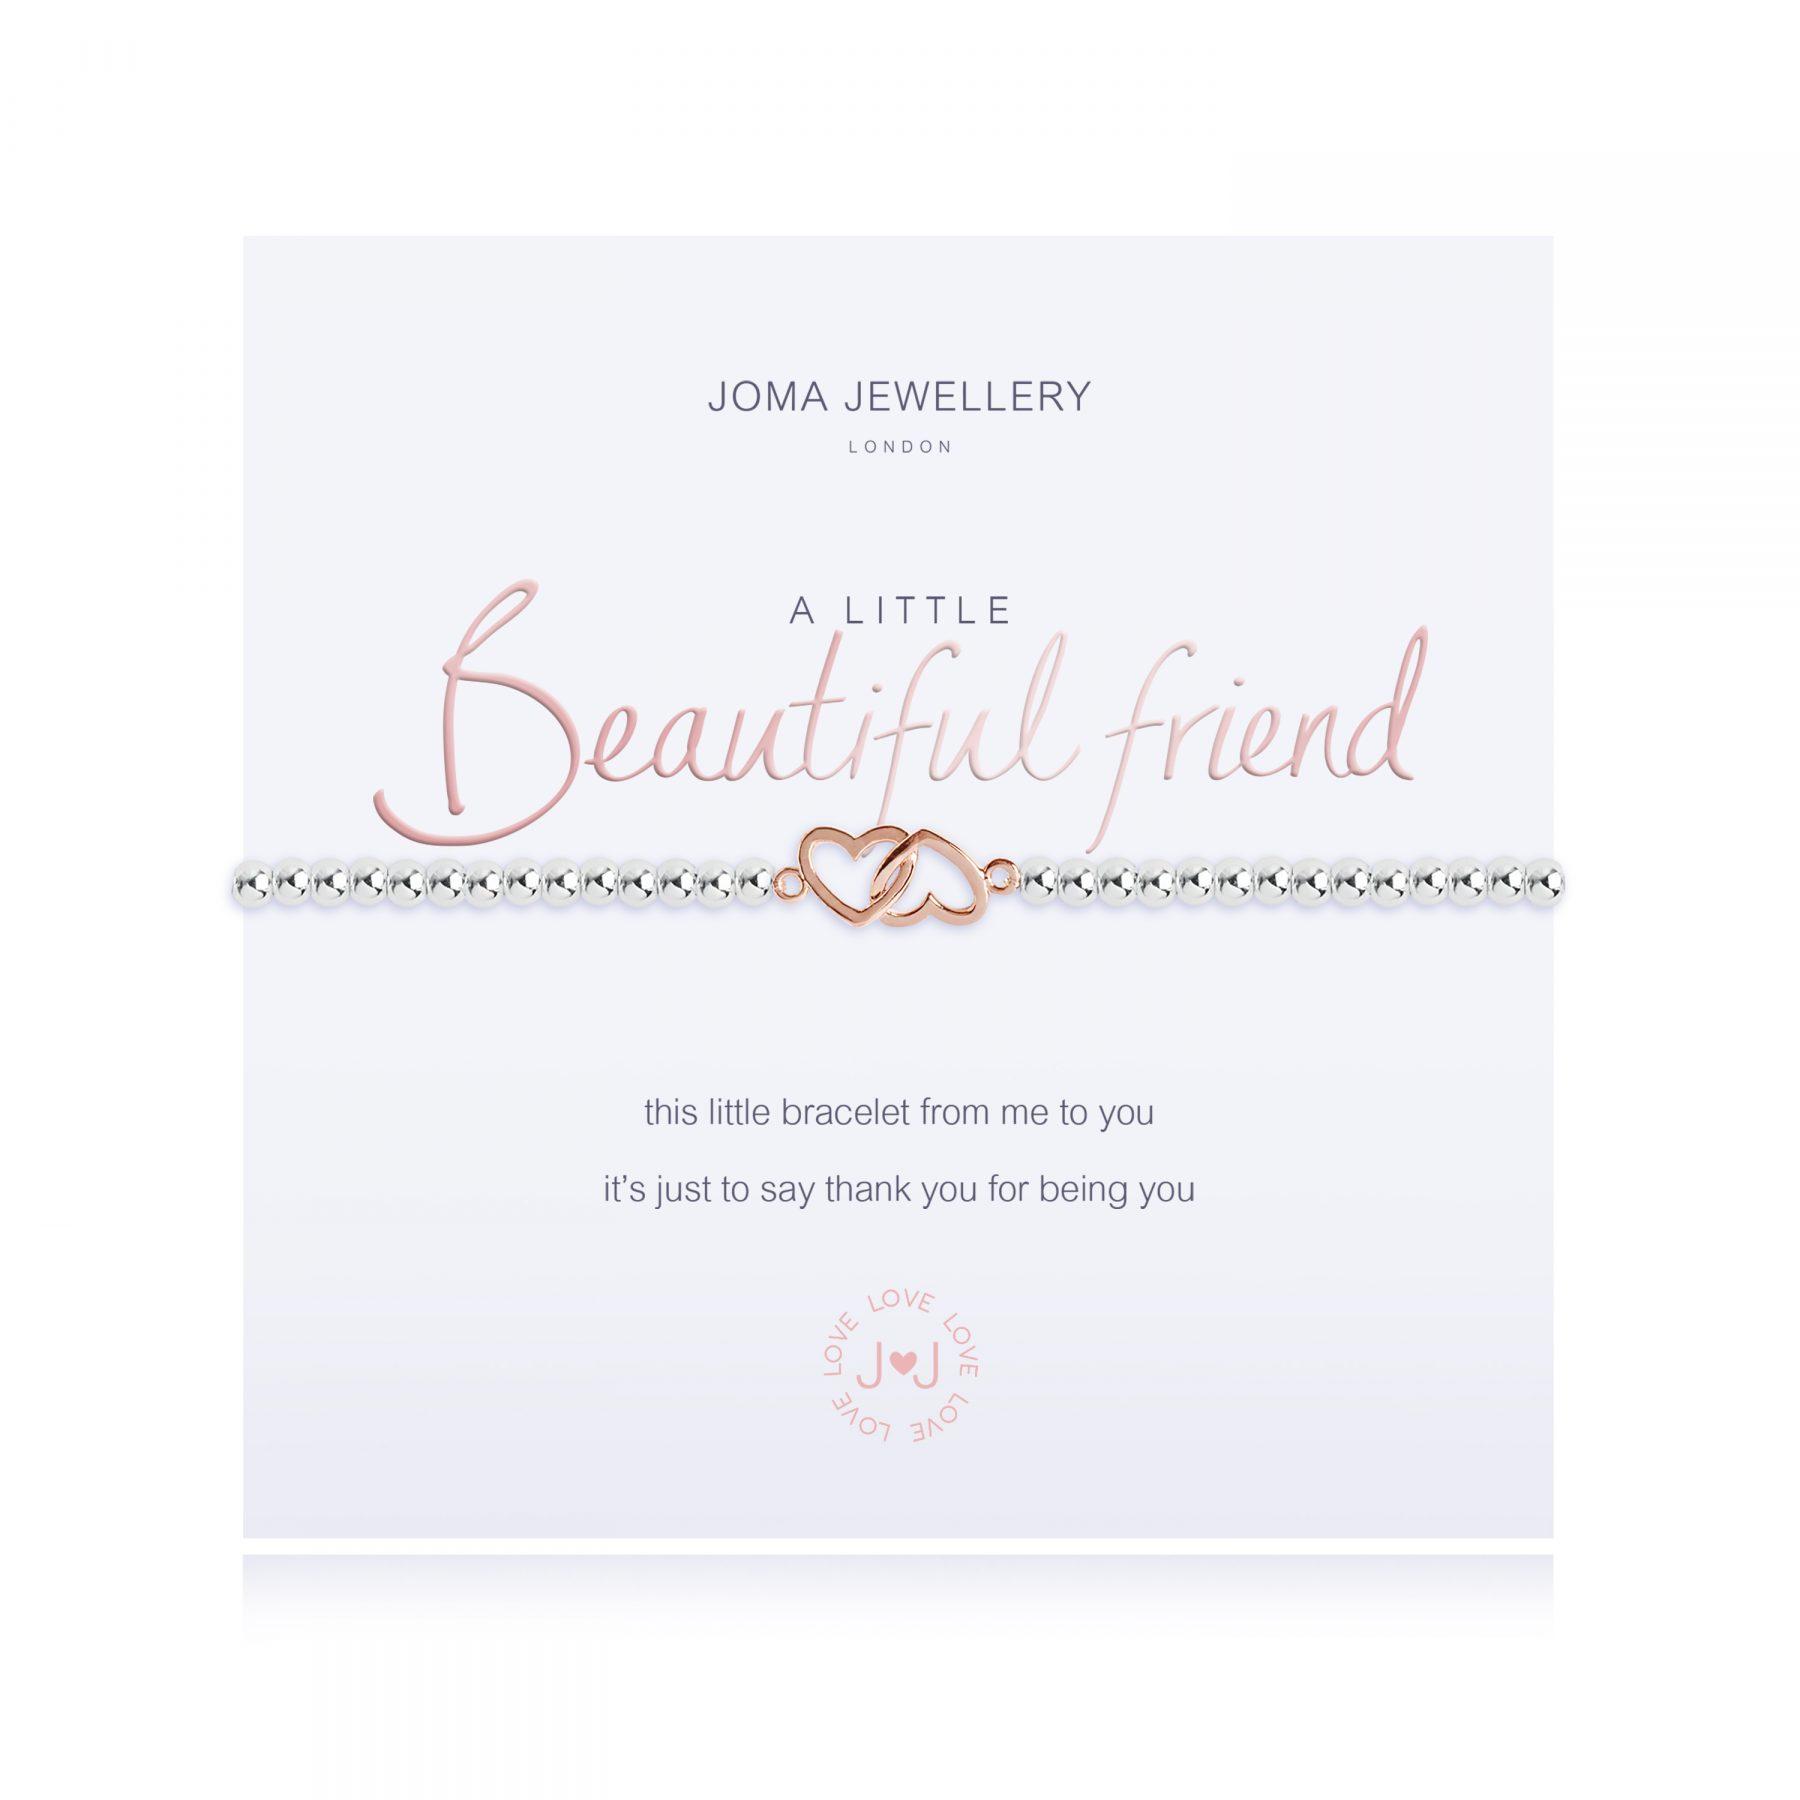 Joma Jewellery A Little Beautiful Friend Bracelet
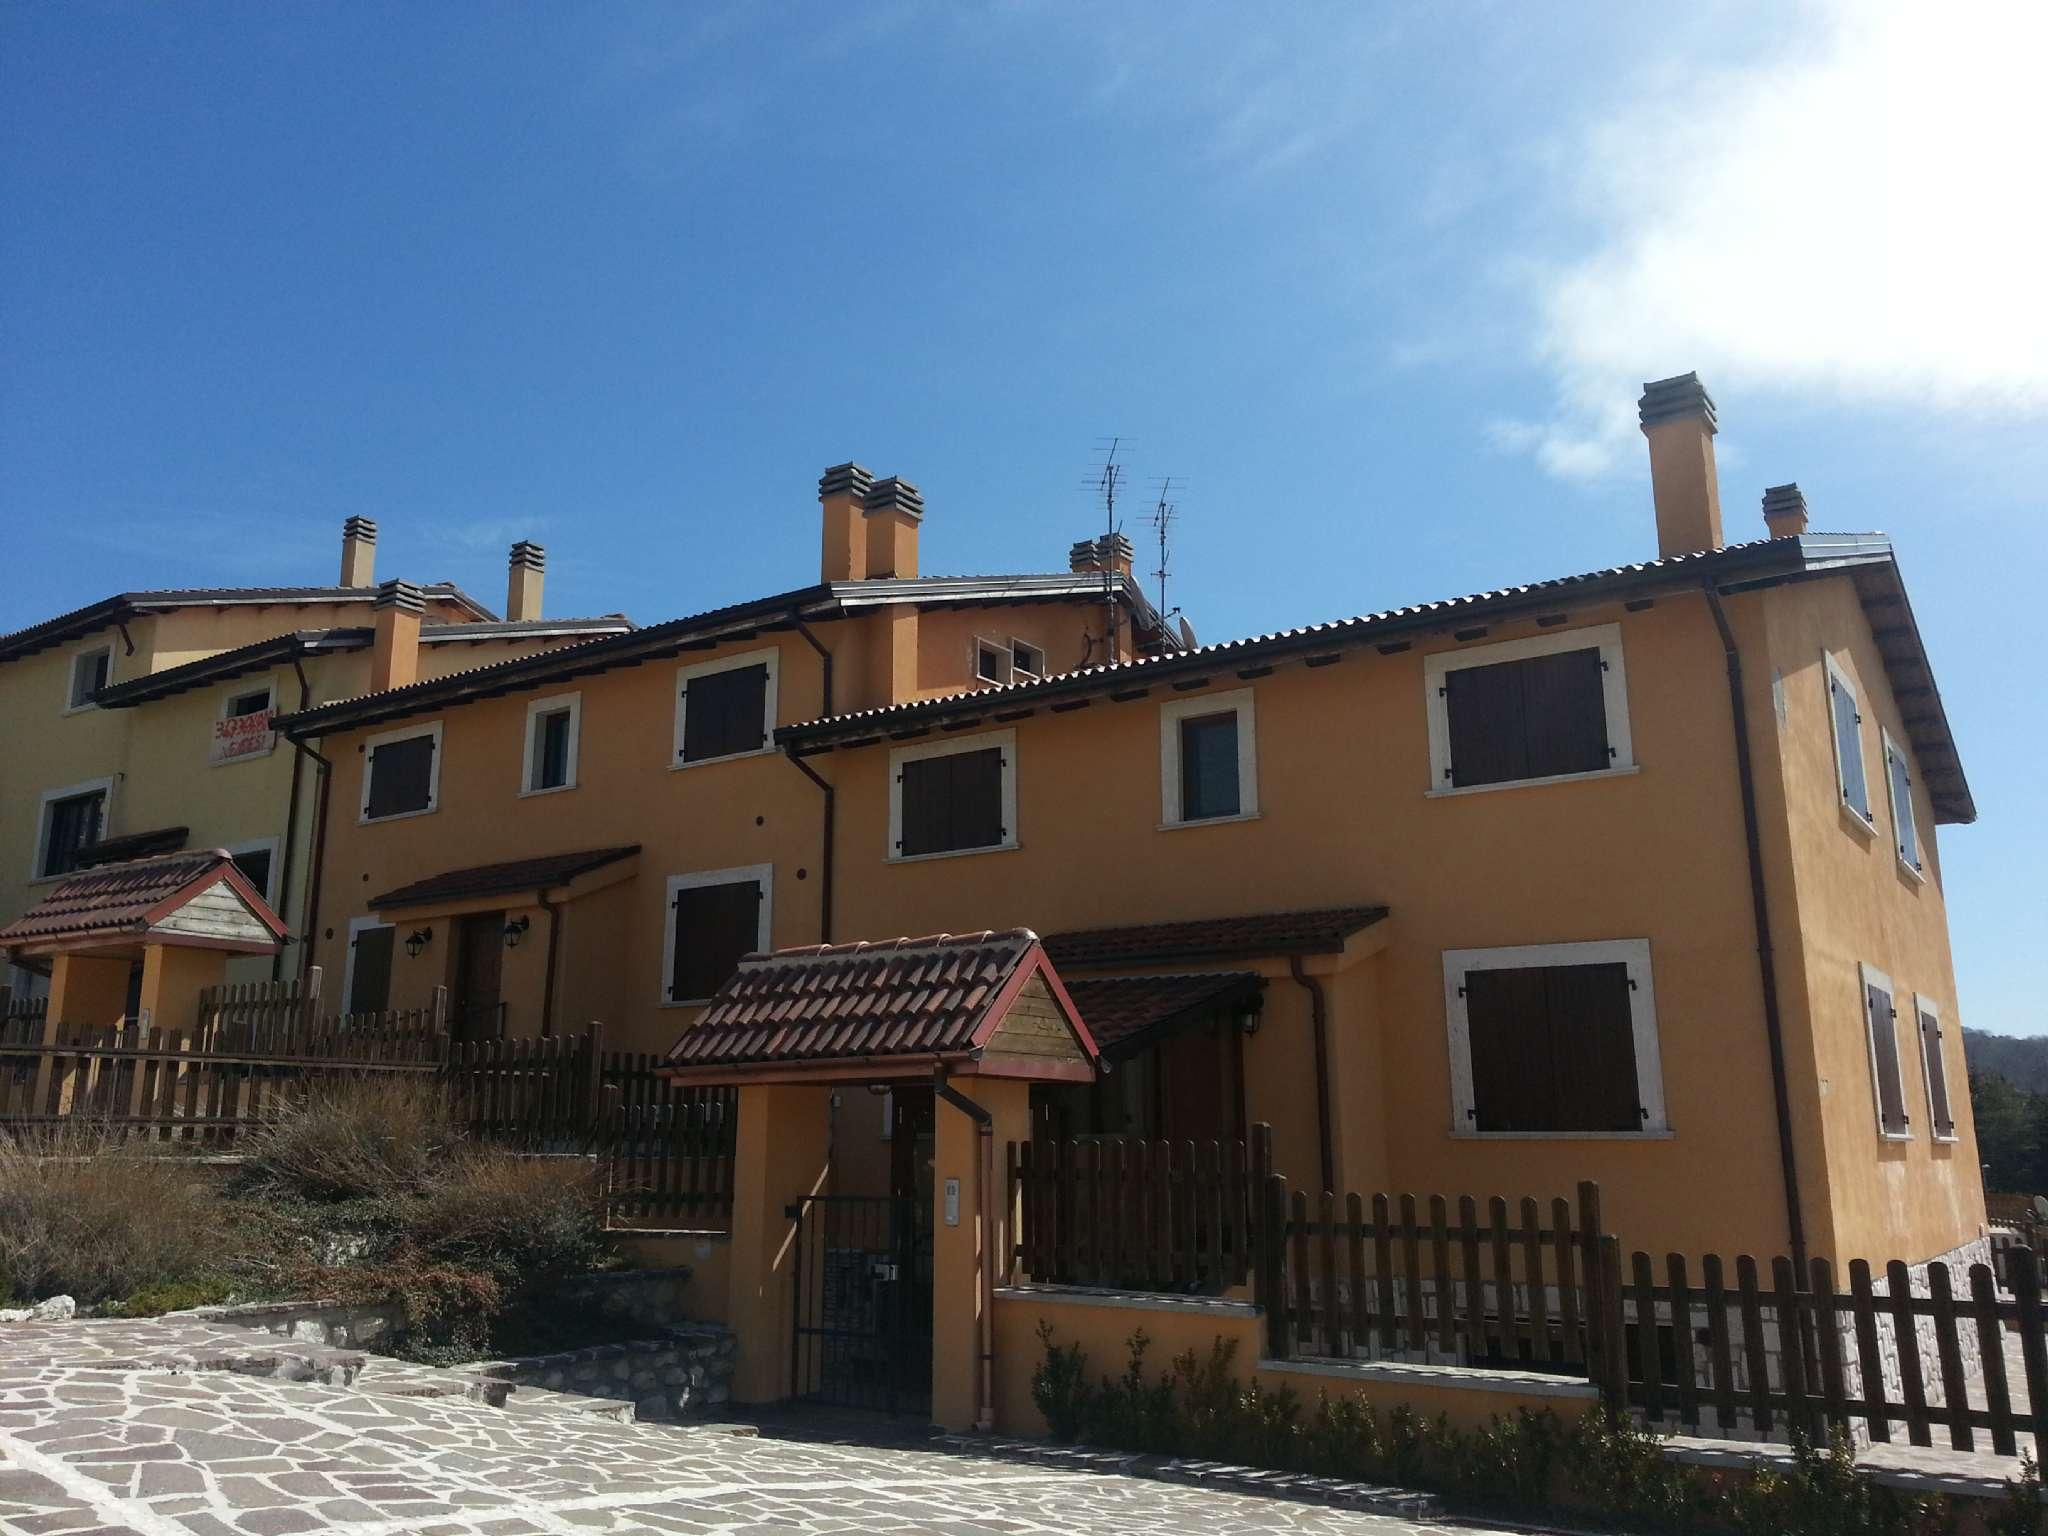 Appartamento in vendita a Rocca di Mezzo, 4 locali, prezzo € 95.000 | PortaleAgenzieImmobiliari.it
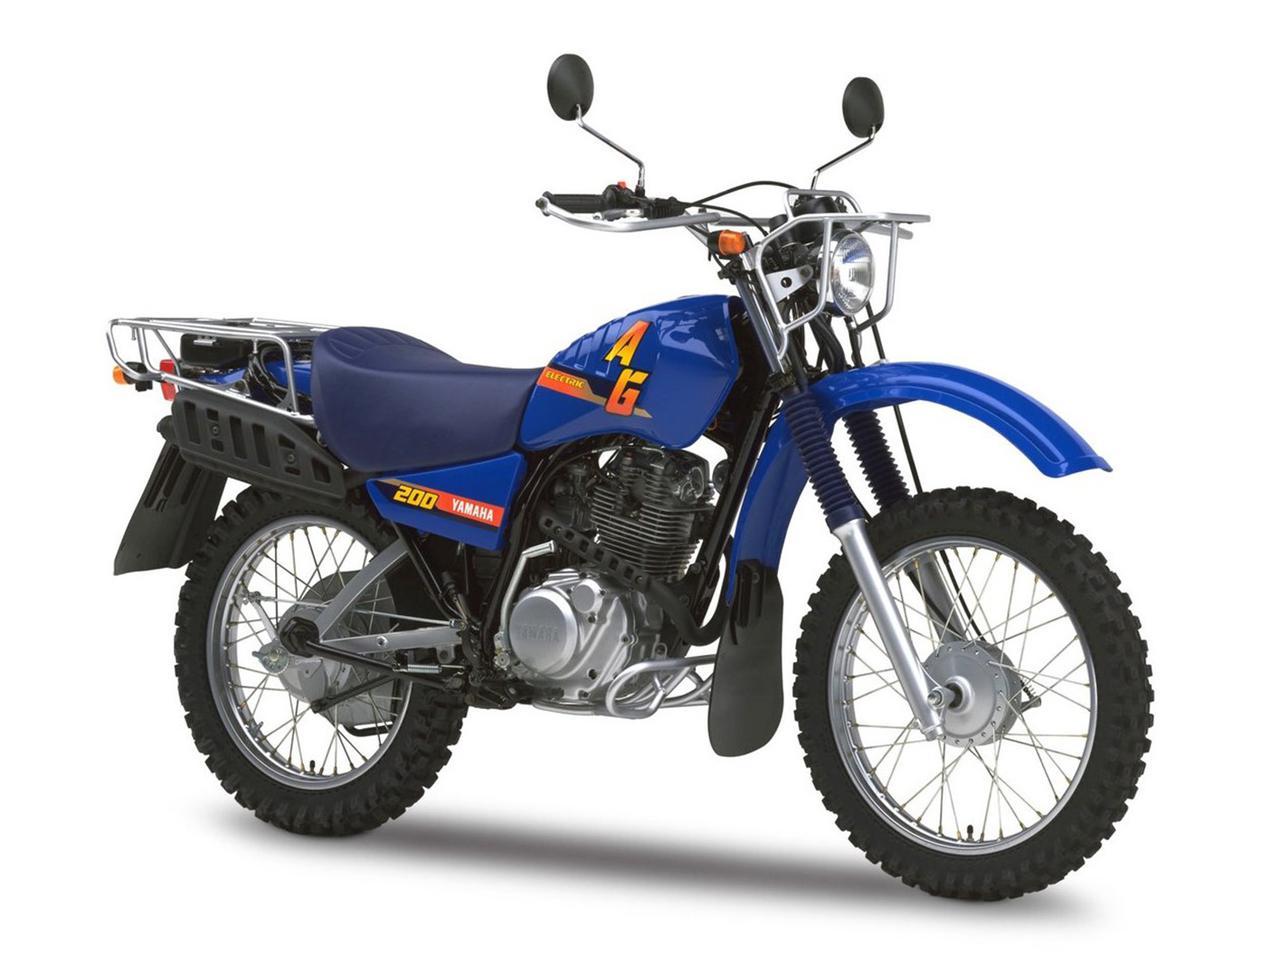 画像: YAMAHA AG200 海外仕様の現行モデル 総排気量:196cc エンジン形式:空冷4ストSOHC2バルブ単気筒 シート高:830mm 車両重量:128kg
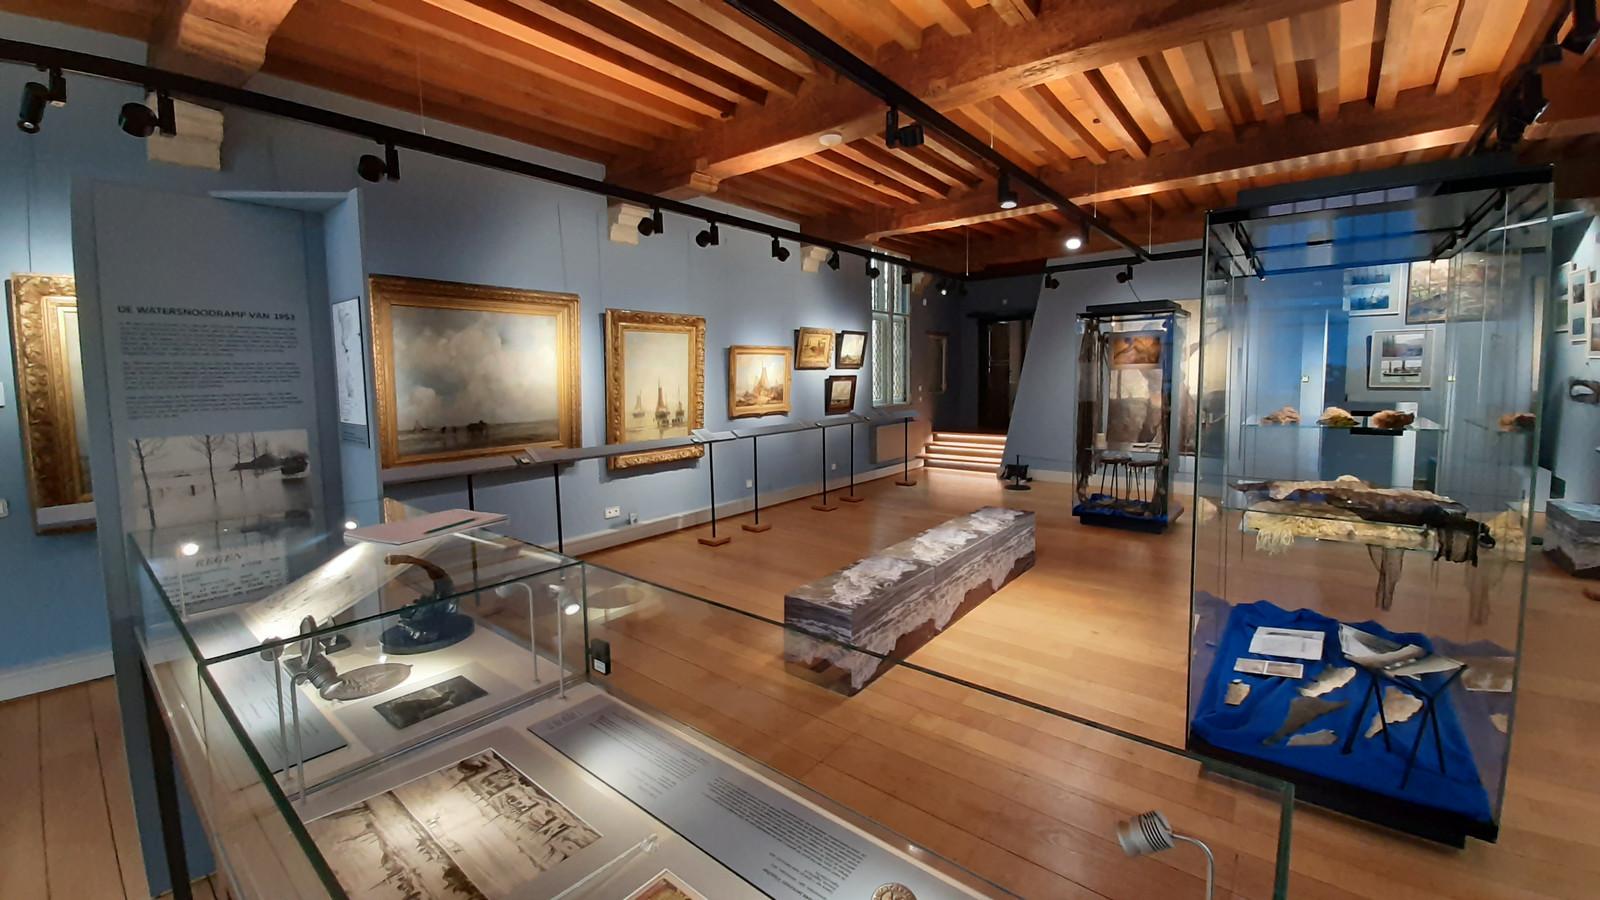 In het Markiezenhof in Bergen op Zoom waren de 40 werken uit het Rijksmuseum binnen de expo Koele Meren slechts drie weken te zien. Maar de waardering is ongekend hoog.

● Task details: Wherever a picture appears in the data, please drop it and retype the rest exactly.

● Result for this task:
 Joma Jewellery A Little Beautiful Friend Bracelet
 Appartamento in vendita a Rocca di Mezzo, 4 locali, prezzo € 95.000 | PortaleAgenzieImmobiliari.it
 画像: YAMAHA AG200 海外仕様の現行モデル 総排気量:196cc エンジン形式:空冷4ストSOHC2バルブ単気筒 シート高:830mm 車両重量:128kg
 In het Markiezenhof in Bergen op Zoom waren de 40 werken uit het Rijksmuseum binnen de expo Koele Meren slechts drie weken te zien. Maar de waardering is ongekend hoog.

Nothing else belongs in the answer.